Ecco appunto il nodo dell’agroalimentare, che per Malamud non è solo economico ma identitario: per un quarto di secolo si è lavorato prima a rassicurare l’Ue sul lato ambientale, poi a misurare quote di carne. L’esperto ci presenta l’equazione del negoziato “carne bovina per macchine” per far capire chi vince e chi teme di perdere: la Germania, che esporta macchine e componenti industriali, mentre la Francia difende l’agroalimentare. Da qui la contraddizione del presidente francese Emmanuel Macron, liberale e multilaterale ma, all’atto politico, interprete del fronte protezionista. All’opposto, la premier Giorgia Meloni, conservatrice, ha sostenuto l’intesa pur a dispetto delle resistenze del ministro dell’Agricoltura Francesco Lollobrigida. Secondo Malamud, il rapporto stretto tra il presidente dell’Argentina Javier Milei e Meloni, e la visione geopolitica di quest’ultima, hanno fatto la differenza: l’Italia è stata l’ago della bilancia, come previsto dal ministro degli Affari esteri portoghese Rangel, riferisce Malamud, e ha sbloccato un dossier nello stesso momento in cui, come non accadeva da anni, tutti e quattro i membri storici del Mercosur sono oggi favorevoli. 

La sequenza degli eventi degli ultimi mesi aiuta a leggere il significato geopolitico dell’intesa. A dicembre 2024 la presidente della Commissione europea Ursula von der Leyen vola in Sudamerica e spinge per la firma dell’accordo, giocando d’anticipo sull’amministrazione Trump. La Commissione, da sempre favorevole, scommette sull’appoggio italiano e prova a mettere la Francia di fronte al fatto compiuto. È la riaffermazione del ruolo istituzionale europeo come architetto e ingegnere di infrastrutture di mercato, in un mondo dove la forza pura è tornata regola per gli equilibri politici e commerciali. 

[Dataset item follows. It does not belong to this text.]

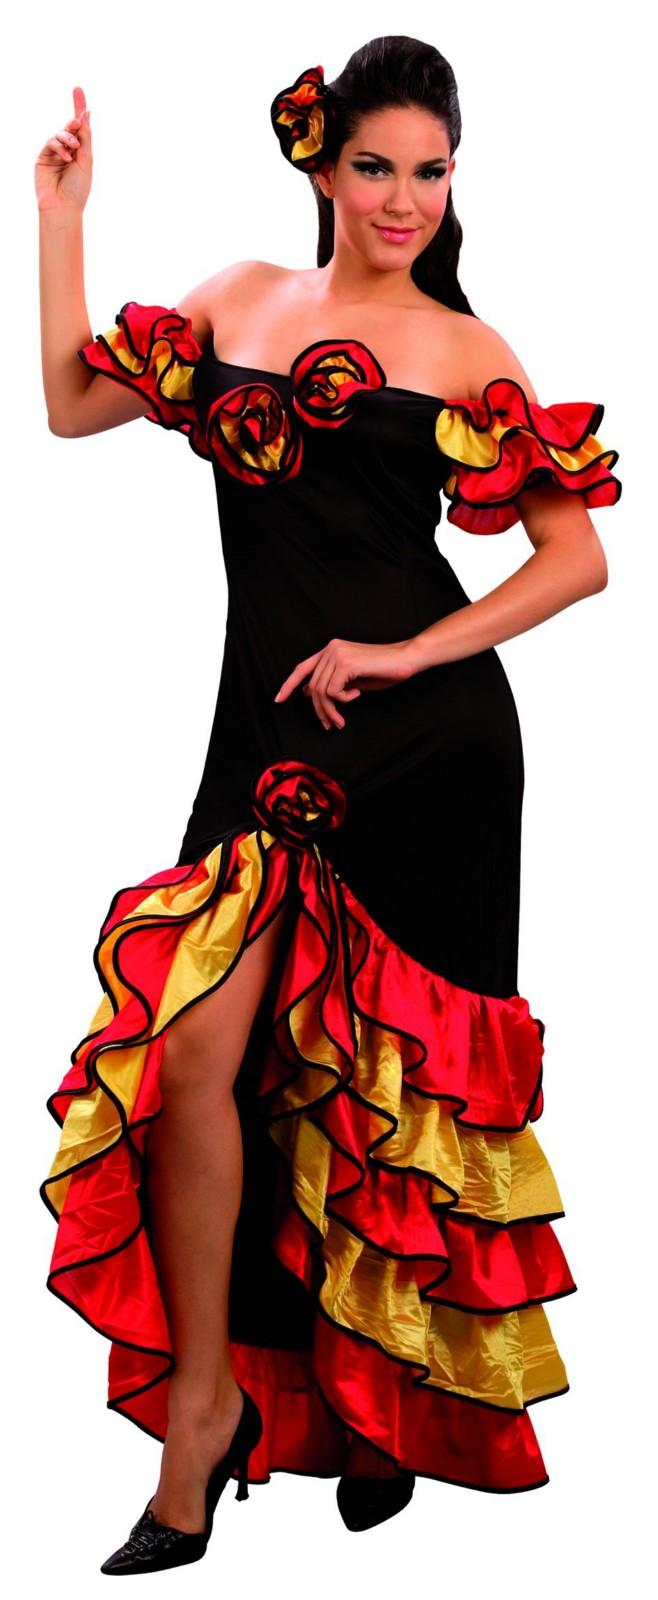 Strój dla dorosłych tancerka flamenco
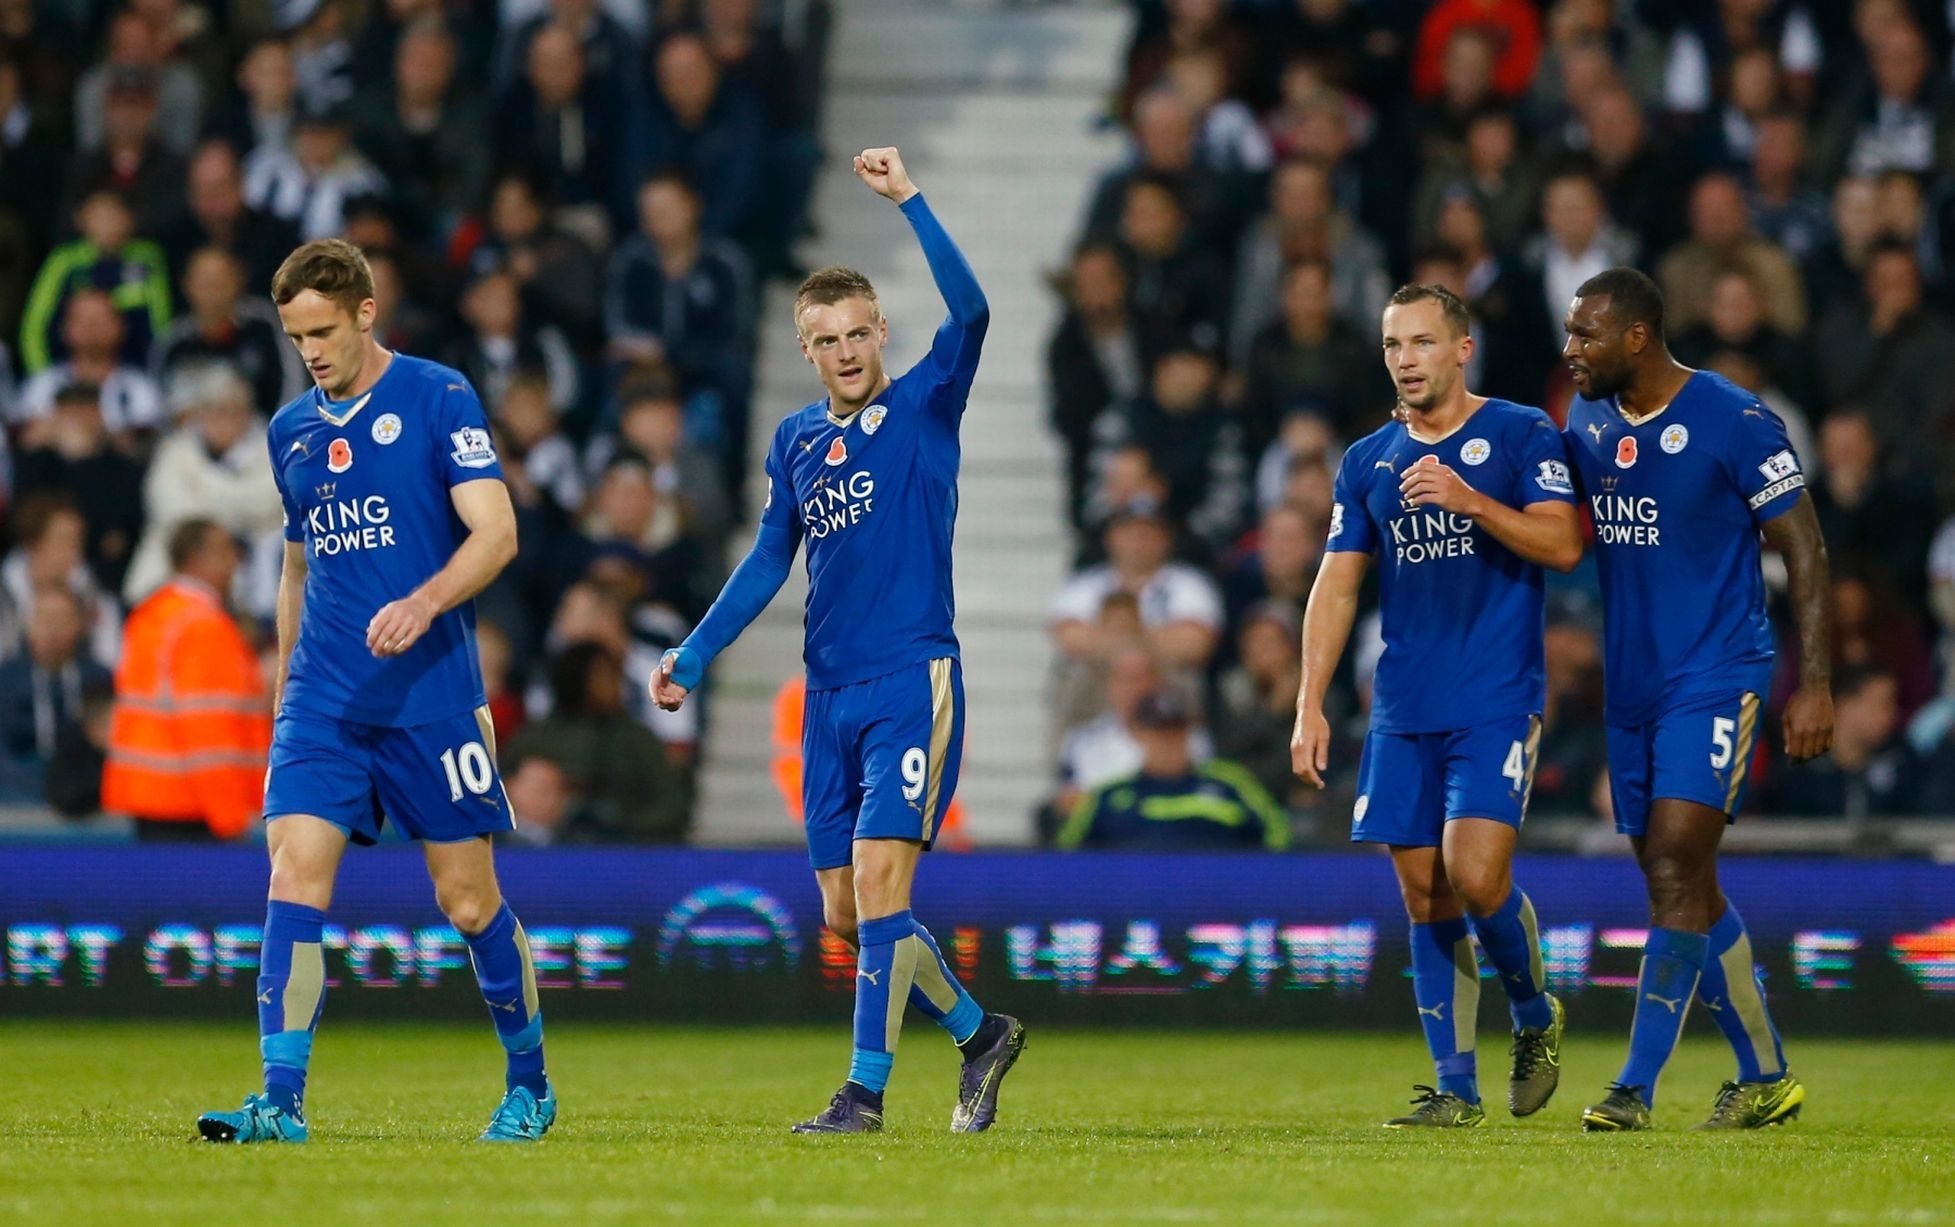 Leicester Premier League: una favola che attrae anche Hollywood

Naturalmente, la competizione con la Cina è il banco di prova. I paesi del Mercosur, ricorda Malamud, vendono al miglior offerente, non al miglior amico. Pechino è oggi il principale partner della regione nel commercio di beni, con flussi che finora hanno doppiato quelli europei. Argentina, Bolivia e Uruguay hanno siglato un memorandum sulla Belt and Road, uno dei principali programmi di investimenti cinesi, che porta con sé progetti imponenti: dal litio a infrastrutture portuali e satellitari. Mentre l’Ue promette 1,8 miliardi di euro con la strategia Global Gateway, la Cina ha messo sul piatto cifre molto più consistenti, come i 4,8 miliardi di dollari annunciati solo in Brasile nel maggio 2025.

Quali effetti geopolitici, dunque, aspettarsi? Non un’alleanza militare, non un ombrello di sicurezza, non un blocco granitico destinato a espandersi e integrarsi in maniera illimitata. Piuttosto, un patto di cooperazione che rafforza l’economia europea e latinoamericana, diversifica fornitori e mercati, alza l’asticella degli standard ambientali e industriali sudamericani, e costruisce legami capaci di resistere alle oscillazioni del momento. È uno strumento, chiaramente non paretiano, utile se usato con realismo: compensando (internamente) chi perde, dove si può, e tenendo il punto sulle regole non per moralismo, ma per fare politica estera.